RECORDS FOR THE EXERCISE:
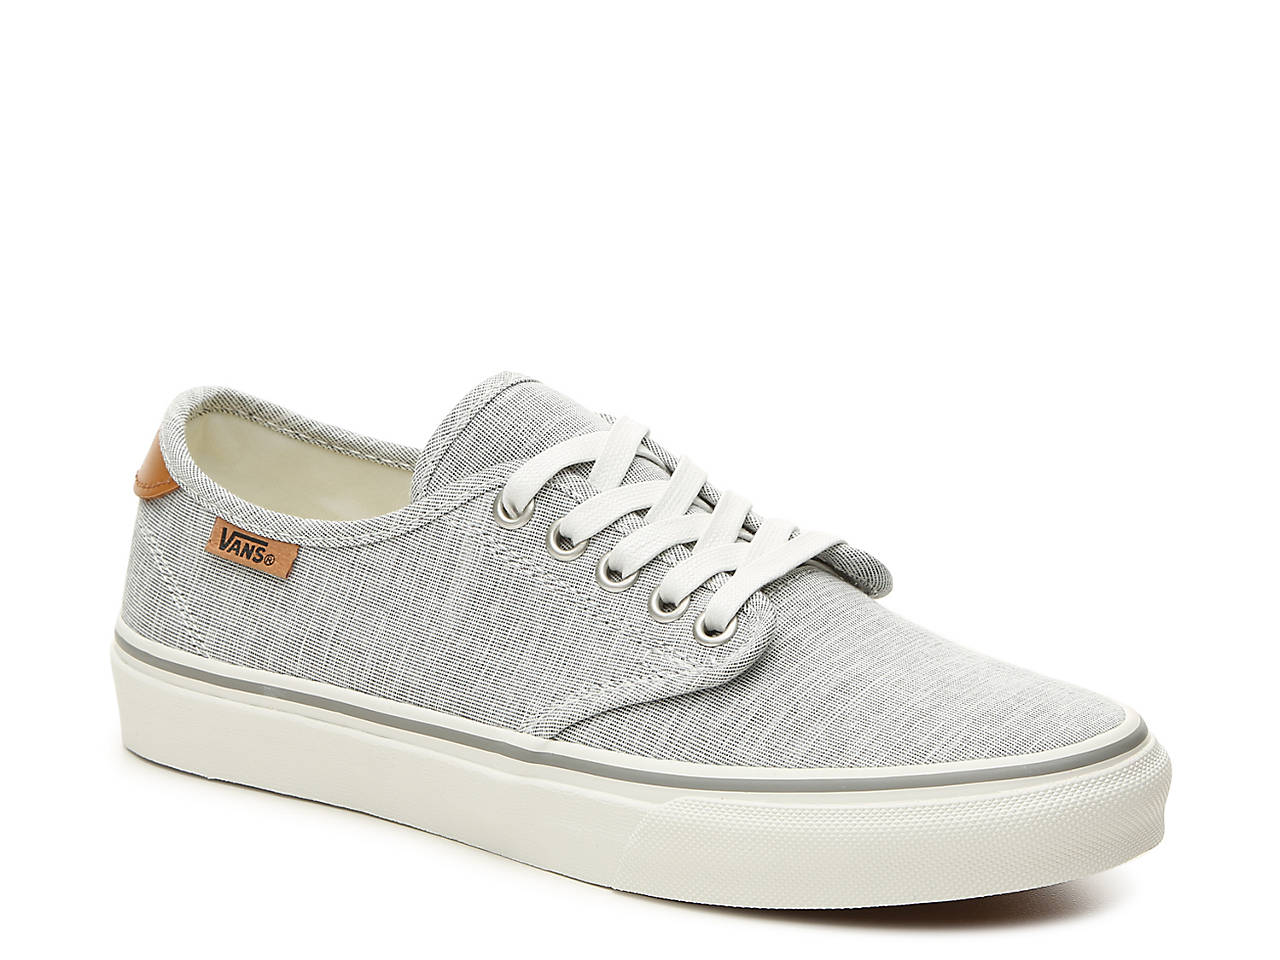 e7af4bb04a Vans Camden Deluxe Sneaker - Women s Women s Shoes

==

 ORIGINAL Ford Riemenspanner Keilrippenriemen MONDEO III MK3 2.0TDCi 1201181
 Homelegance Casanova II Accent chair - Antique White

* * *

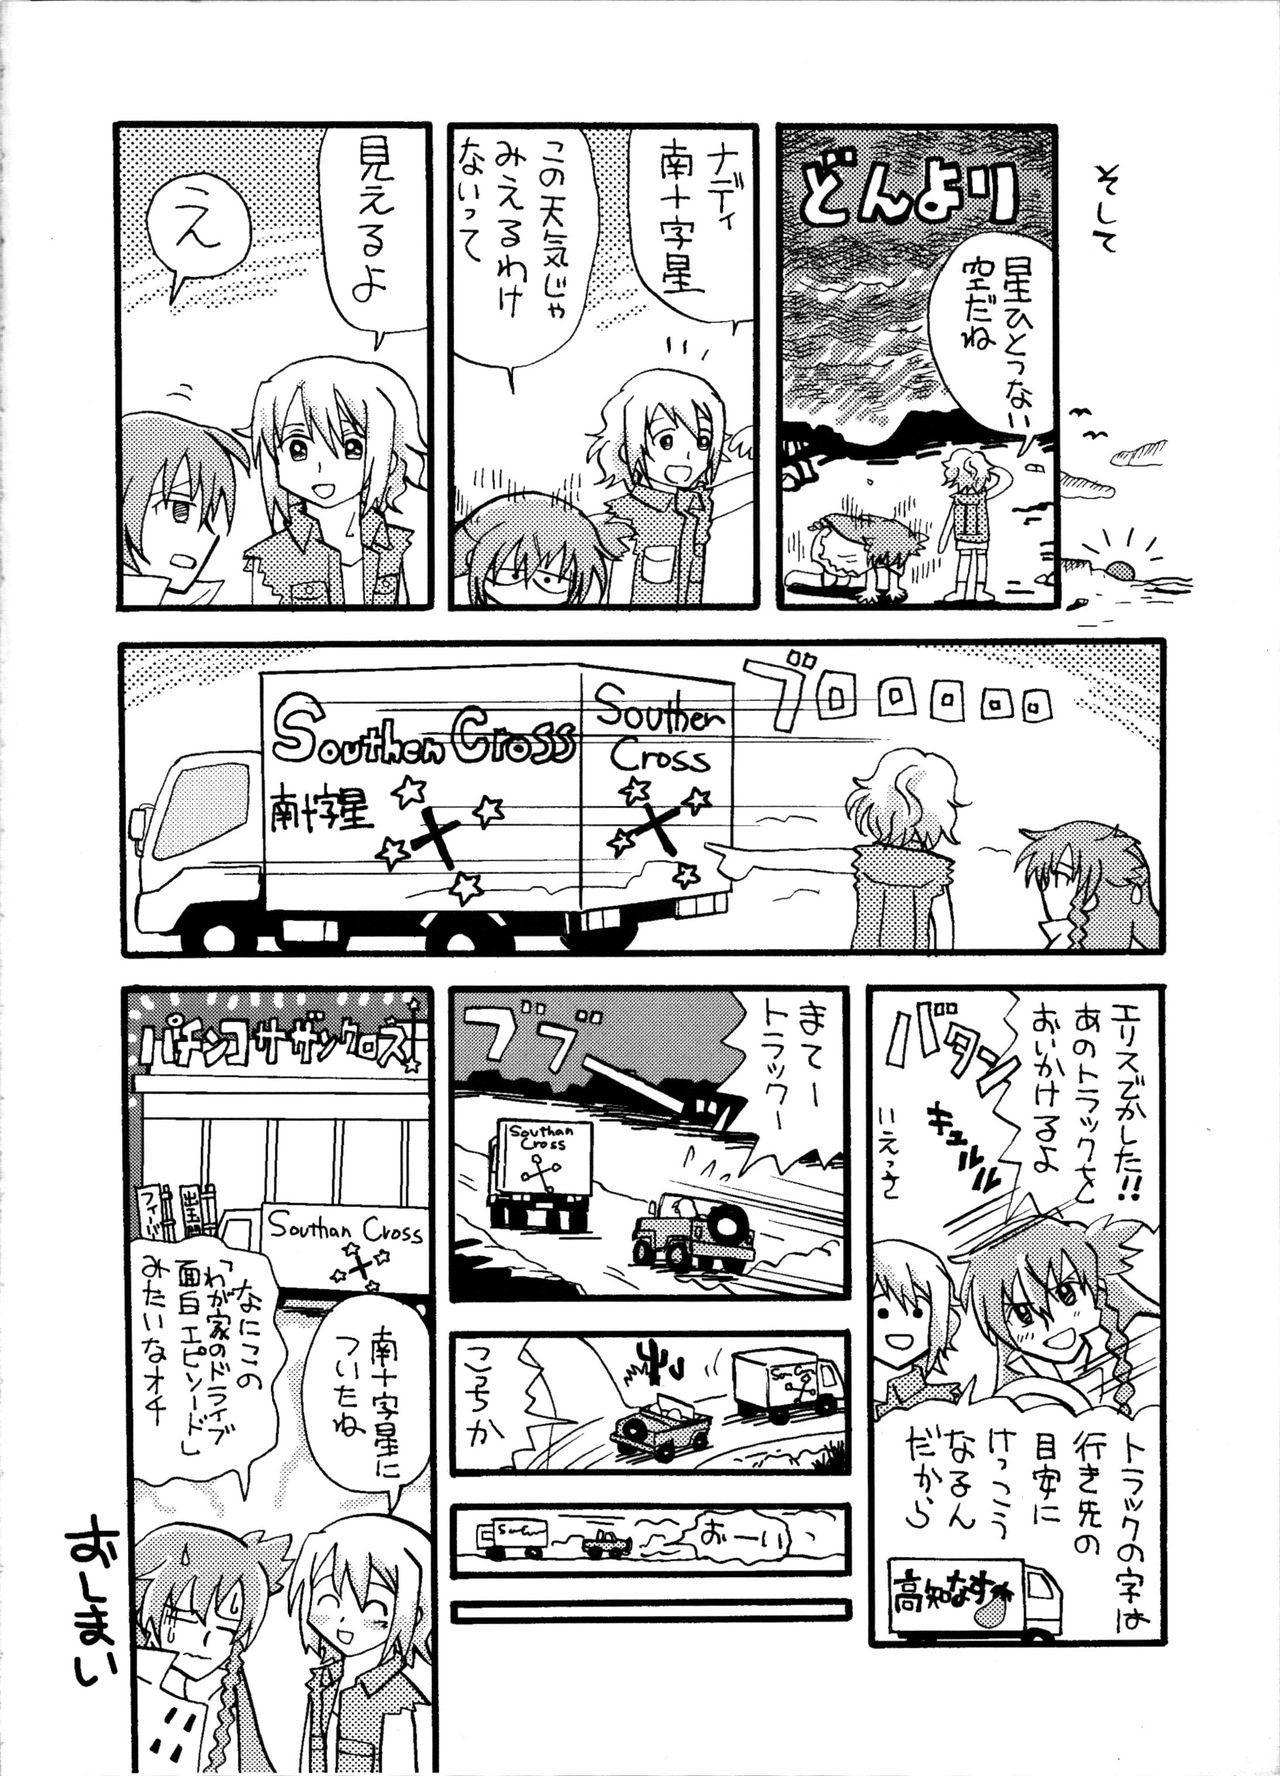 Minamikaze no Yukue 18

PROBLEM DETAILS: In the entries above, find the line with "ORIGINAL Ford Riemenspanner" and the line with "Homelegance Casanova II", then set down exactly those two and every line between them, nothing else.

COMPLETED TASK:
 ORIGINAL Ford Riemenspanner Keilrippenriemen MONDEO III MK3 2.0TDCi 1201181
 Homelegance Casanova II Accent chair - Antique White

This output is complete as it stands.